Susan Lincoln


Biography


Artist Statement

Susan Lincoln employs shimmering light-emitting materials and a strikingly-restrained colour palette to create immersive art experiences. In some works lead crystals, reflective beads and strings of light hang in generous loops like chandeliers. In others, white-on-white works-on-paper and found objects feature on gallery walls. Further works present sculptural structures composed with a bower-bird-like dedication to transparent materials. An ethereal levity unites them all.


Artist Biography


Susan Lincoln is an award-winning artist and designer. For over two decades, she has created dazzling, bespoke sculptural objects and explored the endlessly evocative and fascinating relationships between light, space, memory and architecture through her uniquely monochromatic practice.

Following 10 years in drafting, in the architectural, mining and engineering industries, Lincoln completed a Bachelor of Visual Art (Interior Design) at Queensland College of Art (QCA) (1996). Demonstrating excellence from the very beginnings of her creative career, Lincoln received first prize in the Designex Australasian Interior Design Student Award the same year as graduating for her work Spatial Adaptability: an adaptable design for apartment living with movable walls.

A decade later, Lincoln returned to QCA to complete her Master of Visual Art (by research) (2011). As part of her studies, she penned her exegesis: “Maintaining Socio-Cultural Narratives through Form and Light” and developed her the majorartwork We Will See You All Soon (2011). Lincoln’s studies shine through her art’s relationships to a wide range of leading contemporary artists and her rigorous understanding of how to create moods and elicit audience feelings with her work.

Lincoln’s art is exhibited in a wide range of galleries—commercial, regional and experimental—across Australia. Recent highlights include her entry SCAP in the highly-competitive Sunshine Coast Art Prize, Caloundra Regional Gallery (2023); solo exhibitions at the warmly-loved Side Gallery (2020, 2018, 2016); and Dystopia / Utopia, celebrating 50 years of artisan: Queensland’s home of art and design. For the latter, Lincoln created the commissioned work The Swing (Rock, Water, Light). This work is notable for two significant departures from Lincoln’s established practice. In this work, Lincoln responds to someone else’s story and injects vibrant, glittering colour into her typically achromatic aesthetic. Lincoln has also shown at the Affordable Art Fair with Studio Gallery Group, BLINDSIDE ARI, Langford 120, Jan Manton Gallery, the State Library of Queensland and NERAM, among many others.

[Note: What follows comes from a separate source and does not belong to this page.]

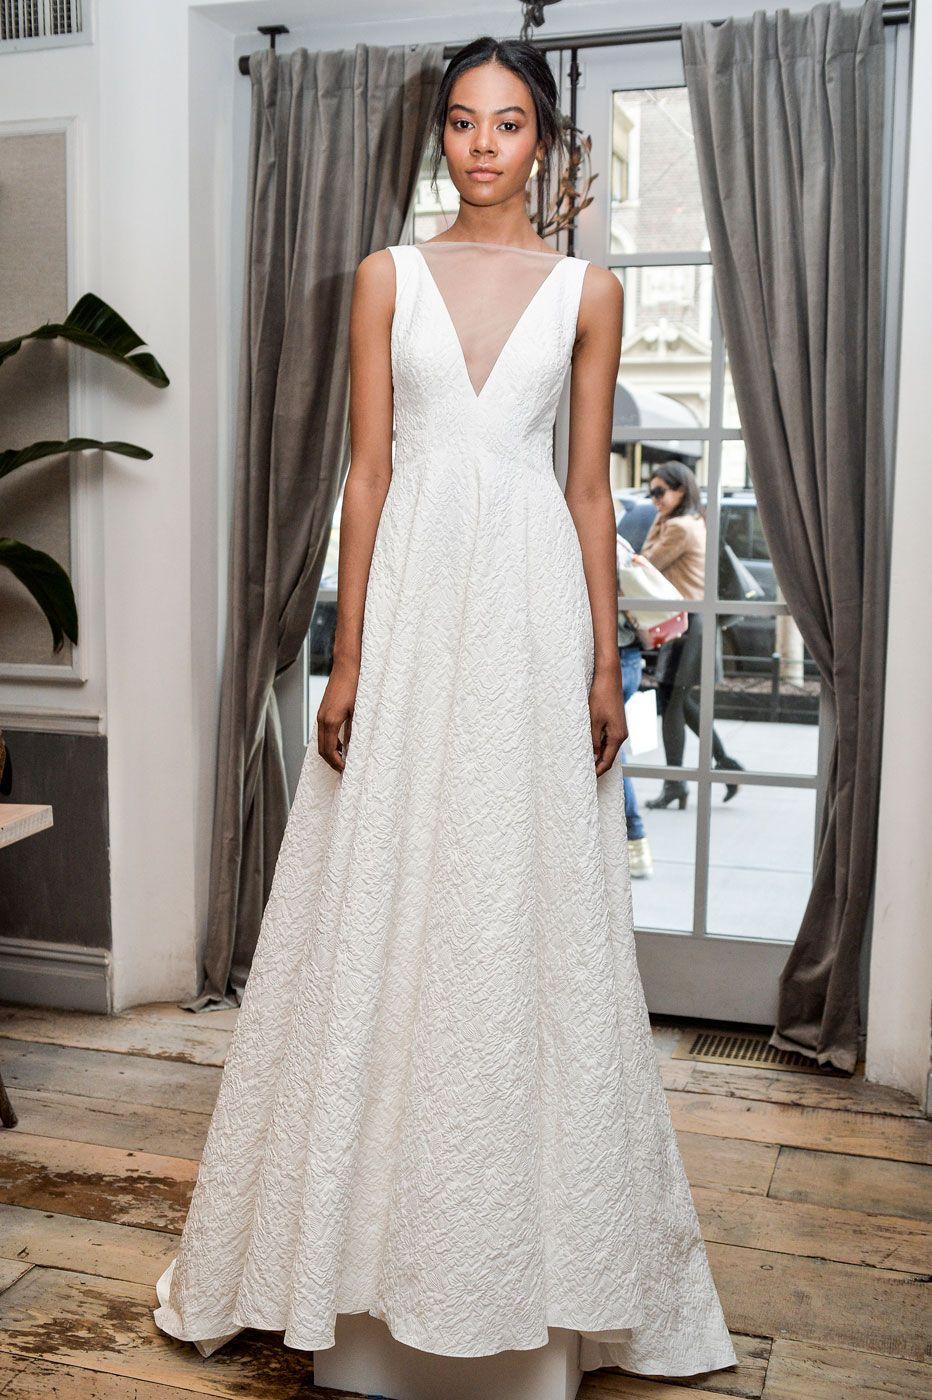 Bridal trend report   Lela rose, Wedding dress trends and Wedding bells
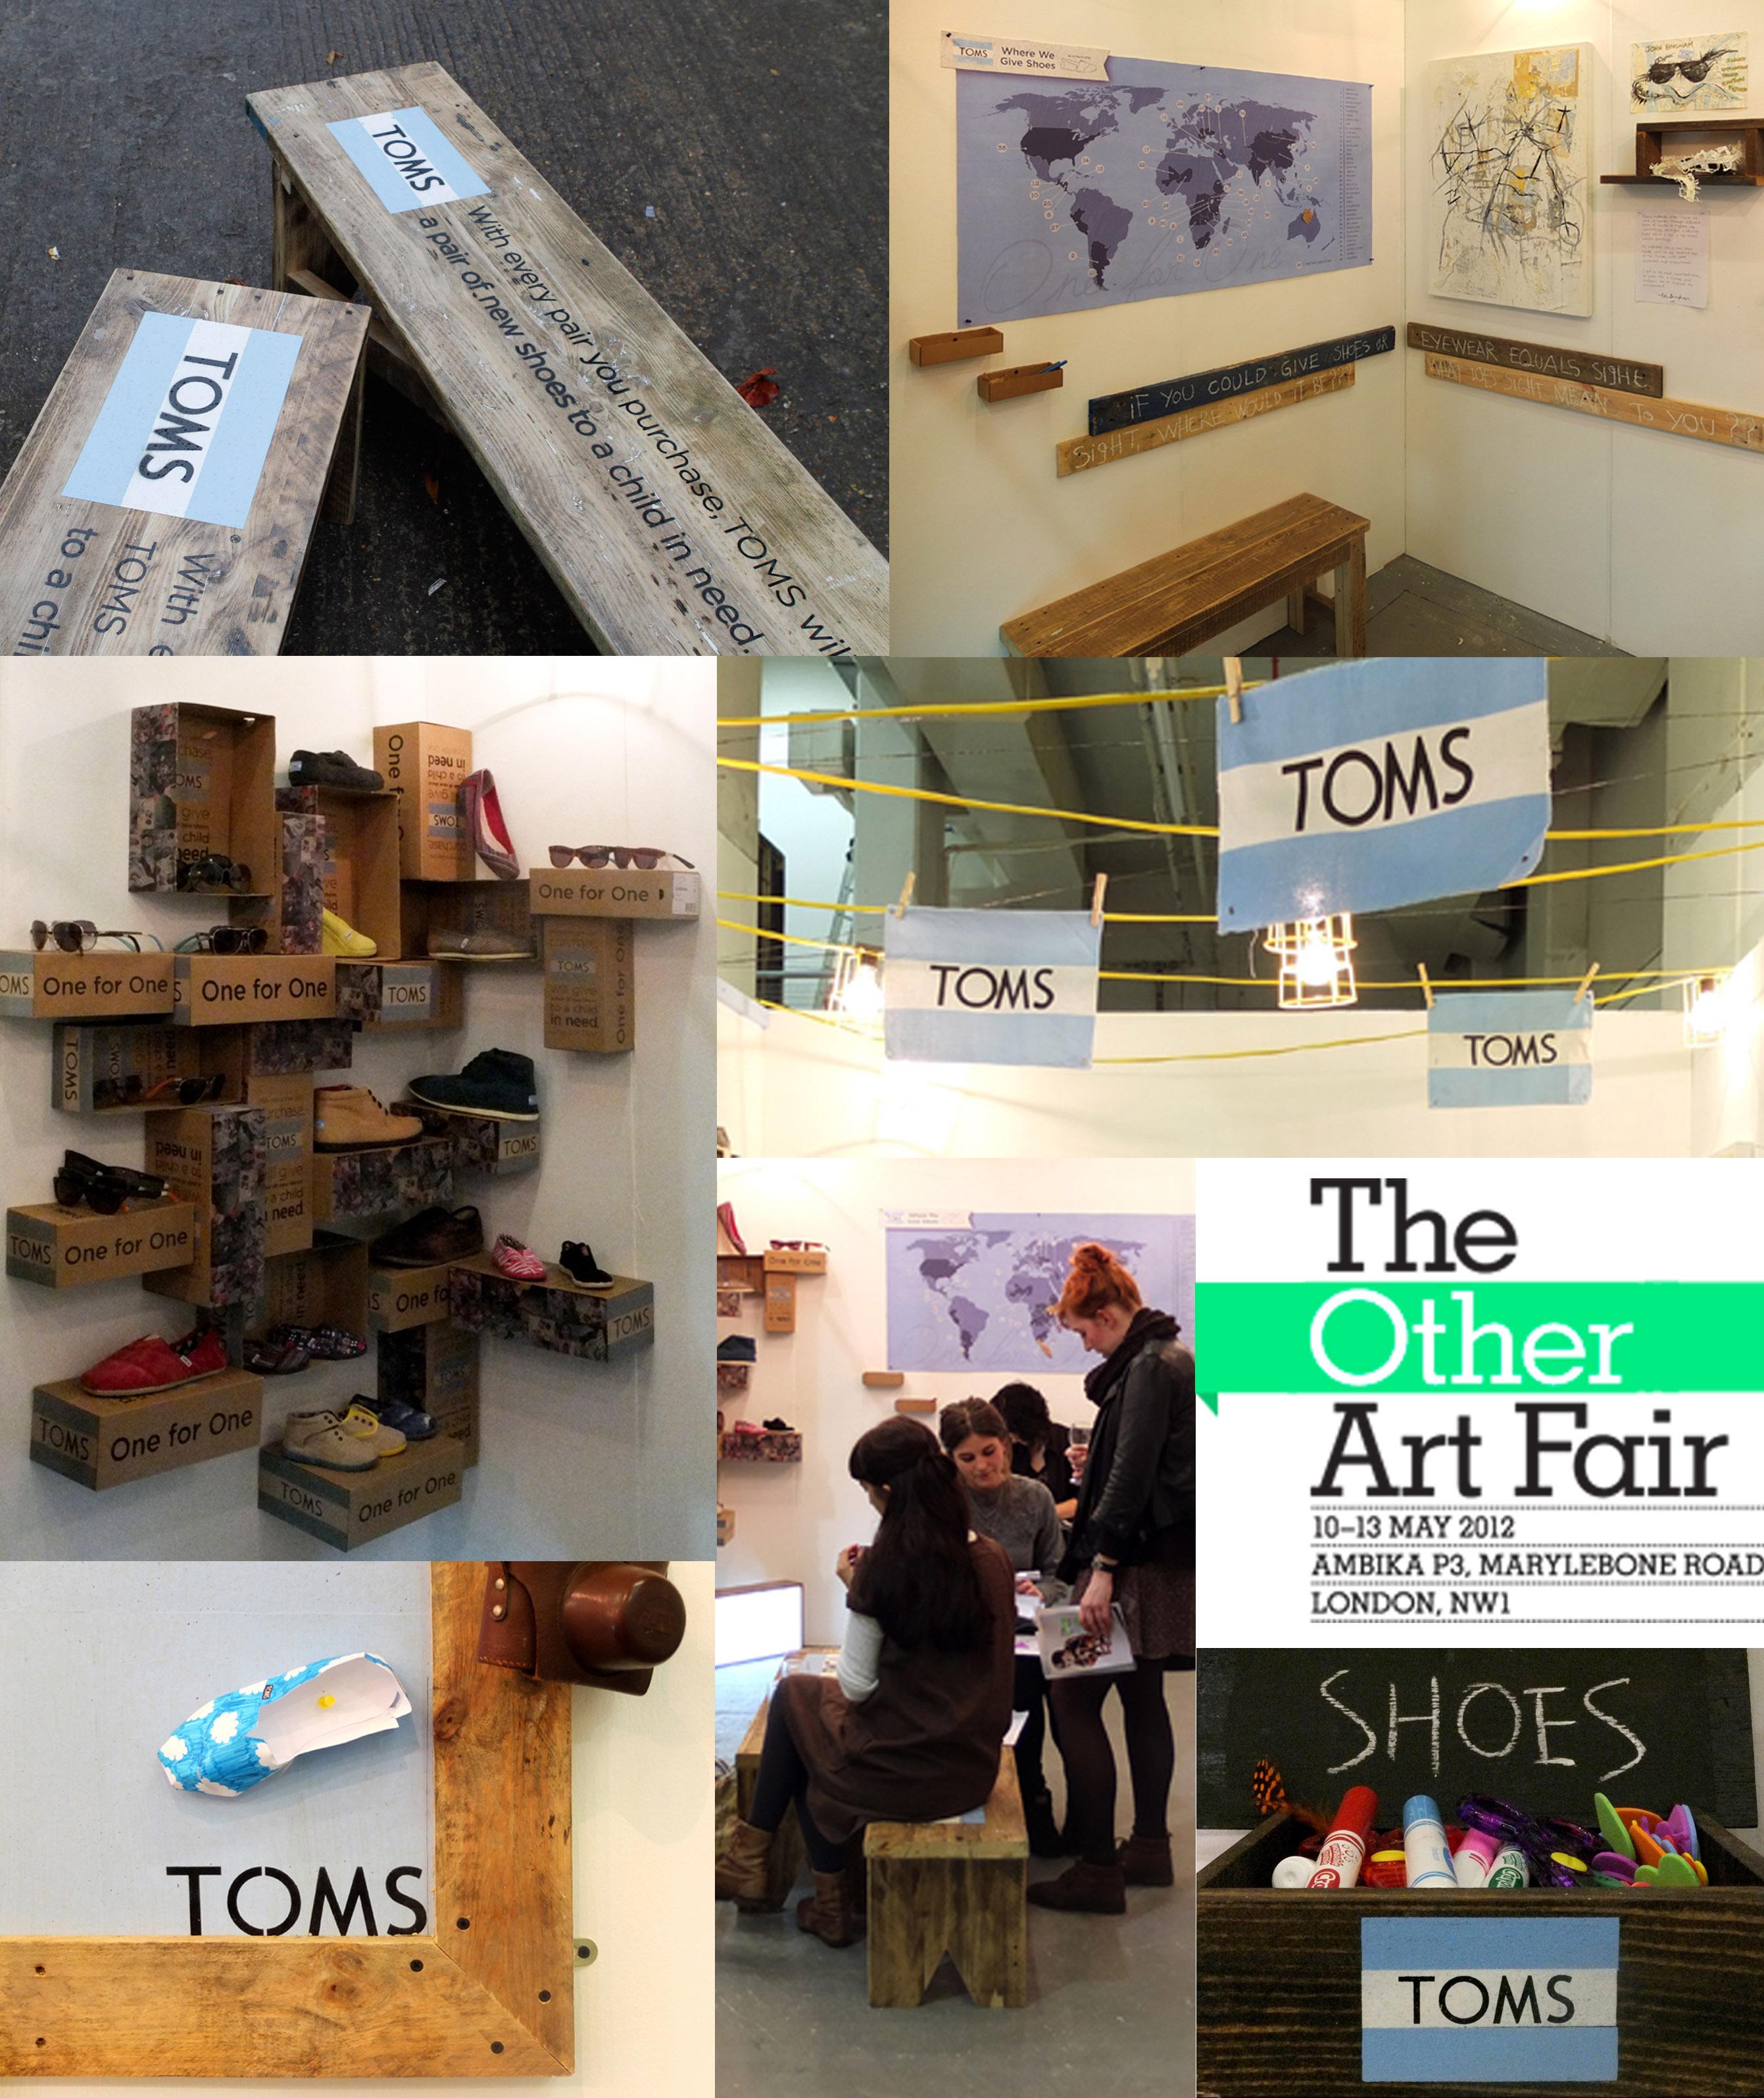 Exhibition Stand Shoes : Exhibition stands in düsseldorf

Beyond galleries, Lincoln’s art may be seen in private and public spaces. Min Min Lights (2008) at Brisbane’s International Terminal is a favourite commission. Using her signature crystals, Lincoln translates the mysterious folk law and Indigenous story of unexplained, fast-moving lights into a sparkling sculpture for international travellers. Nicole Kidman, Gadens Lawyers, Queensland Theatre, and Redland Shire Council also feature among Lincoln’s collectors and commissioners.

Lincoln’s practice is sustained by an impressive list of artworld accolades from grants to prizes, mentorships and residences. These include the highly-competitive Pat Corrigan Artist Grant awarded by the National Association for the Visual Arts (NAVA) (2002) and the People's Choice Award at the Churchie Emerging Art Exhibition in Brisbane the same year. More recently, Lincoln received competitive funds from the Australia Council (now Creative Australia) to create TRR (Light Vehicle), an otherworldly, immersive yet portable art environment. TRR was a finalist in the acclaimed 2014 McClelland Sculpture and Survey Award and led to further successful funding from Arts Queensland in 2018 to extend the work’s meditative possibilities into You Are Here 2: The incredible lightness of being.

Following a childhood and early lifetime living across regional Queensland, Lincoln now lives and works in Meanjin (Brisbane) with her husband Brett, daughter Maggie, and their dog Ziggy.

She is represented across Brisbane, Sydney and Melbourne by Studio Gallery Group.